The fellow passing the hat made an exaggerated grimace. "Devil take it if I thought you could win, Wyndham! We'll all be washed up, sir! How the hell did you get him to do it?"
"We supported each other." Dominic leaned back against the church door and pulled on his stockings and boots, catching his breath between gasps of laughter. "Like two fishwives carrying a basket: first one hauls, then the other, and the entire enterprise stinks."

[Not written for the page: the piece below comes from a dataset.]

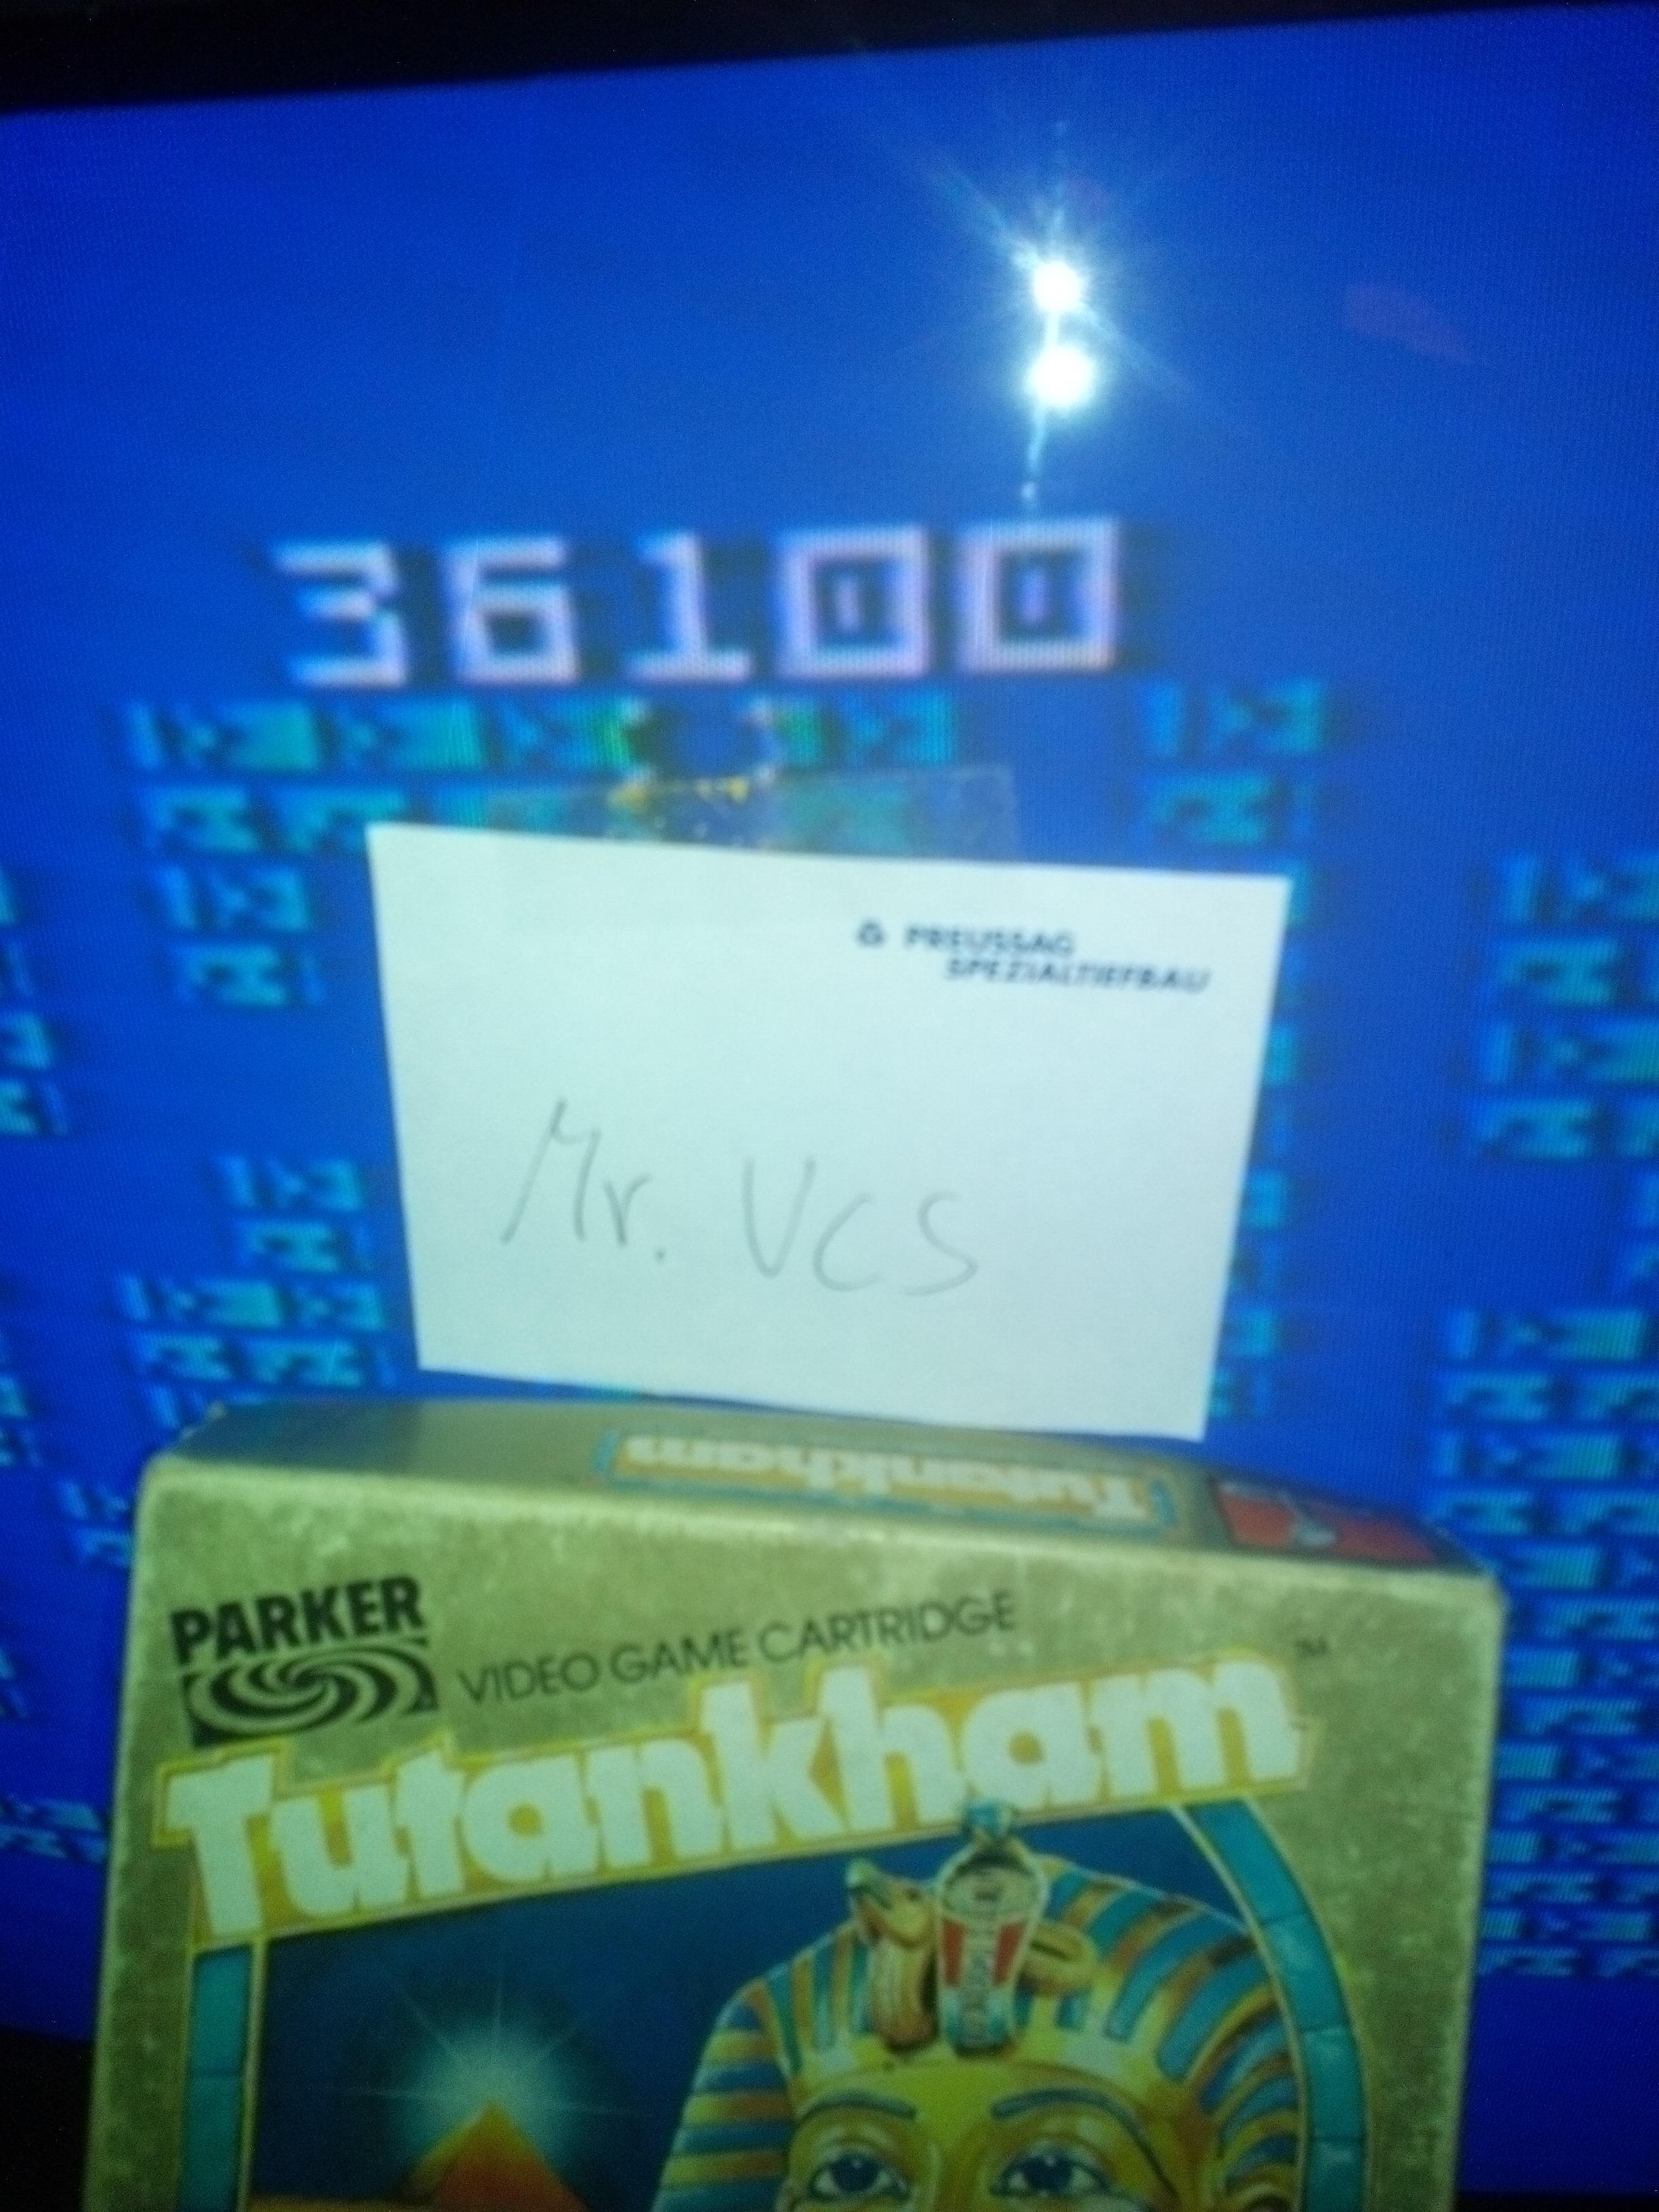 MisterVCS: Tutankham: Level 1 (Intellivision) 36,100 points on 2017-12-02 11:59:11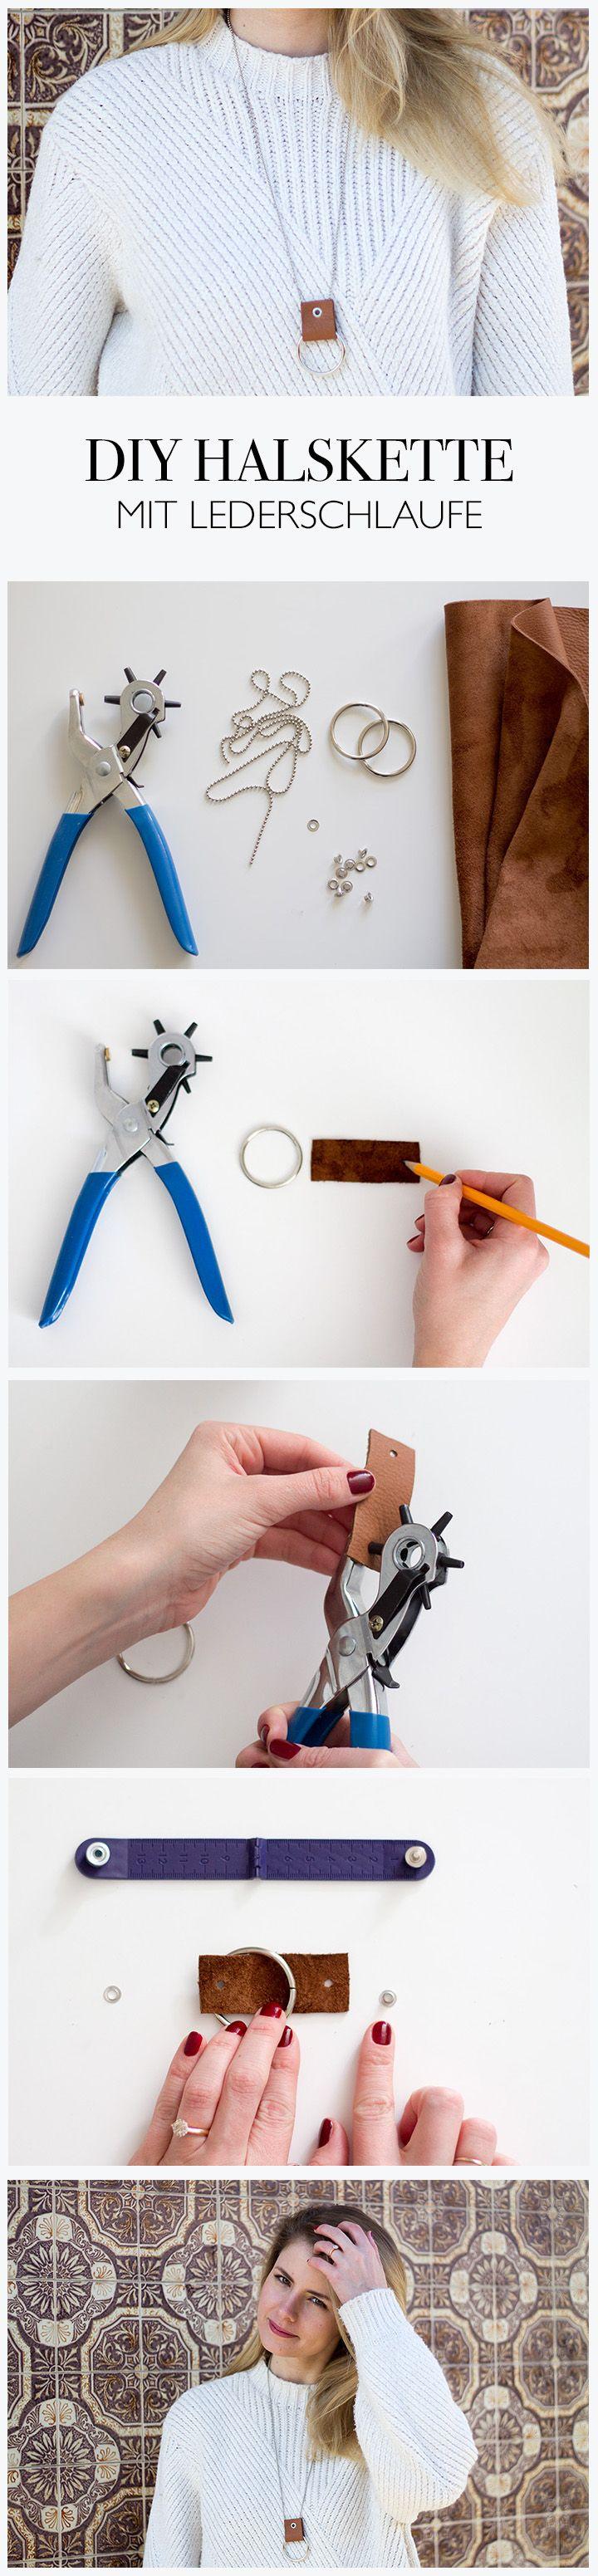 DIY Halskette mit Lederschlaufe selber machen - lindaloves.de DIY Blog aus Berlin

Amid the renewed burst of merriment he looked up and the laughter died in his throat. A carriage had pulled up at the curb. He recognized the horses, the coachman, and his family's crest on the panel. Shadowed by a black bonnet, a woman's face gazed from the open coach window.
It was as if reality shifted on its moorings and time became transparent. As if the intemperate crowd were not there. As if there were sudden silence instead of bedlam. As if a clear wind blew into these raucous streets from some unknown wild place. Dominic knew in his soul something had happened to shatter his life.
Yet he had never seen the woman before.
The coach rocked as his brother stepped down, the Windrush crest bobbing with the movement.
Dominic shook himself. He must be damnably foxed.
"Alas, we have company," he said. "Our little wager is about to be witnessed by my brother, the puissant Earl of Windrush. Sadly, Jack has a severely deficient sense of humor. We little fish are about to be roasted, gentlemen—stripped of our scales, basted with butter, wrapped in pastry, and roasted."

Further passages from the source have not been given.